FAH has been running for more than a week on it now, without any BSOD or other problems. So the BSOD is not the problem.
The Warnings and Errors does show a lot of download errors, and only 2 or 3 times a core crashed.
I reduce Folding power from medium to light now, and watch closely.

The question remains: Should the client fetch new work when there is an unfinished task (that might time out meanwhile) ?

Re: Client suspended work for another task?

Posted: Fri Mar 27, 2020 9:50 am
by Neil-B
iirc default setting is that new WU is requested/downloaded when progress reaches 99% … this allows minimal overlap but has the WU ready for when previous one finishes - keeps the CPU/GPU nicely loaded with only a slight/short dip on the meters … for my kit that leaves a window usually less than 60 secs for a crash to occur - on slower kit that may be a few minutes or so (look at your TPF figure) … not sure if it is possible or even advisable to change setting to wait until 100% but seen it done the other way to (say 90% to) cover slow download speeds so might be doable.

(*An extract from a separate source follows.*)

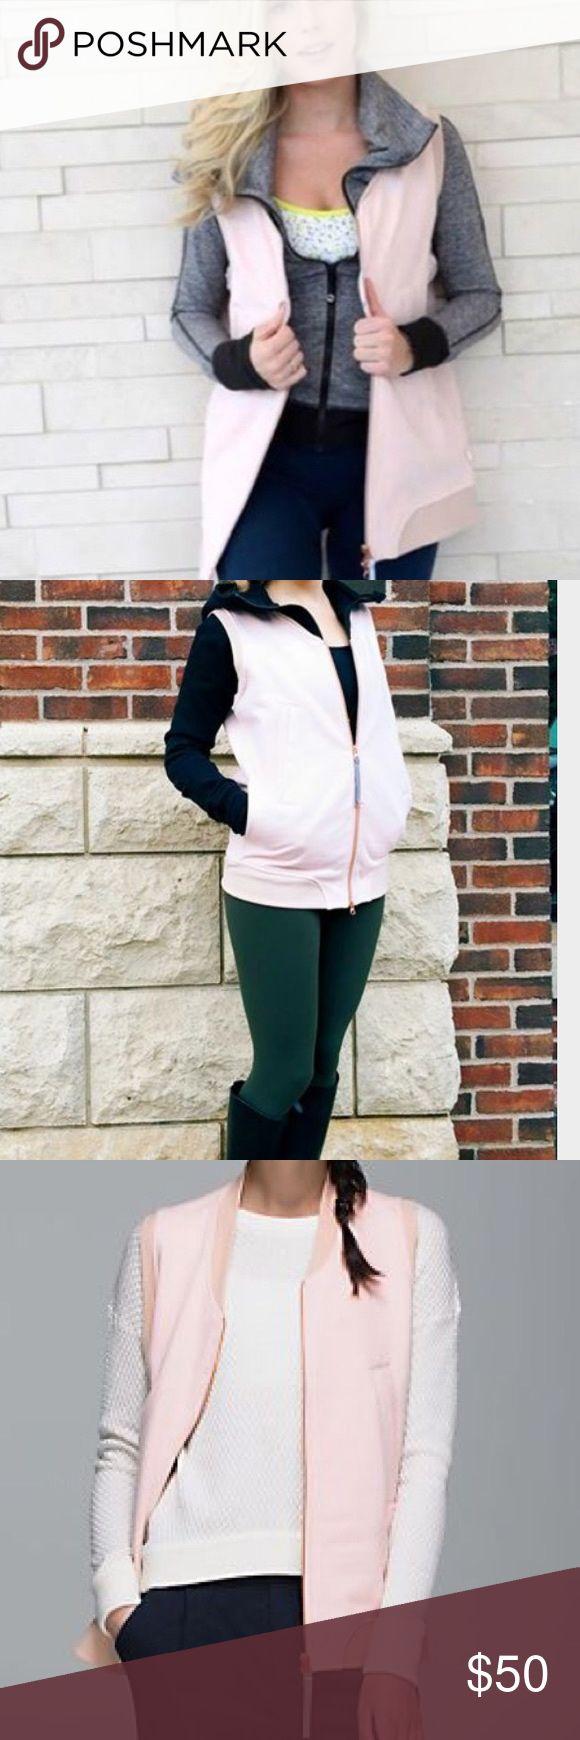 Lululemon vest Worn once! Excellent condition lululemon athletica Jackets & Coats Vests
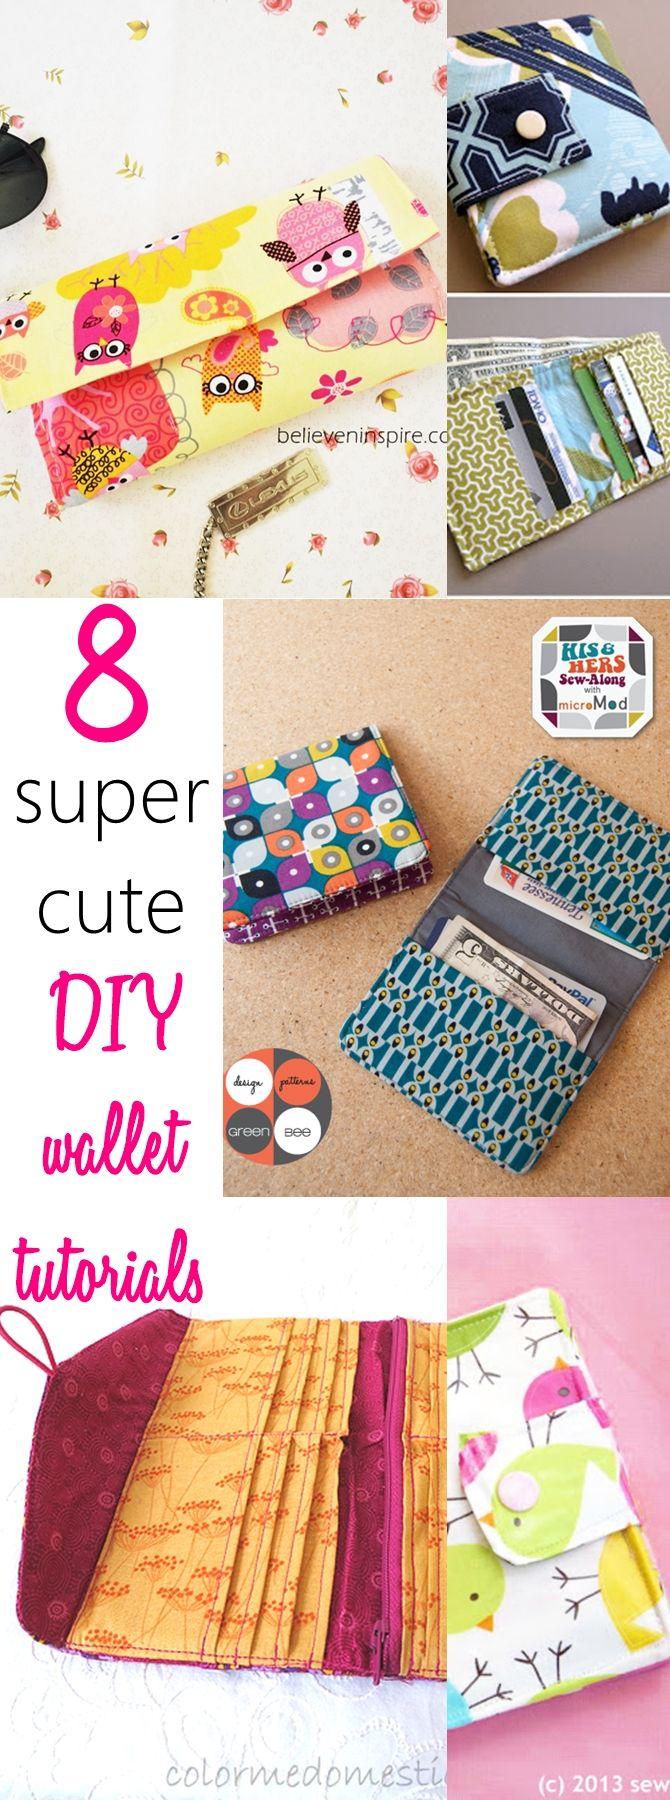 8 Super Cute DIY Wallet Tutorials | Pinterest | Diy wallet tutorial ...

As to your question - for me I never have stability issues or crashes so having a WU ready and waiting so my CPUs don't cool off between WUs minimise wear and tear through heat cycling and one TPF (1%) is easily long enough for me to download whilst minimising any risk of failure once new WU received so I am happy to say yes it should happen - from your perspective I can see why you might question otherwise.

Re: Client suspended work for another task?

Posted: Fri Mar 27, 2020 10:14 am
by mcr42
Thanks, that's a good explanation, I didn't think of that.
I didn't intend to touch any of the controls (didn't know there are any); I was just curious why this might have happenend.
Thanks.

Accepted answer, Problem solved, Thread can be closed.

Re: Client suspended work for another task?

Posted: Sat Mar 28, 2020 12:56 am
by Joe_H
Yes, that is a good explanation. The option for download defaults to 99%, and can be set between 90-100%. I would have to look up the exact name as I have not used it recently, being on DSL having an upload overlap with a download from setting it to 100% became a problem when the WU download sizes increased.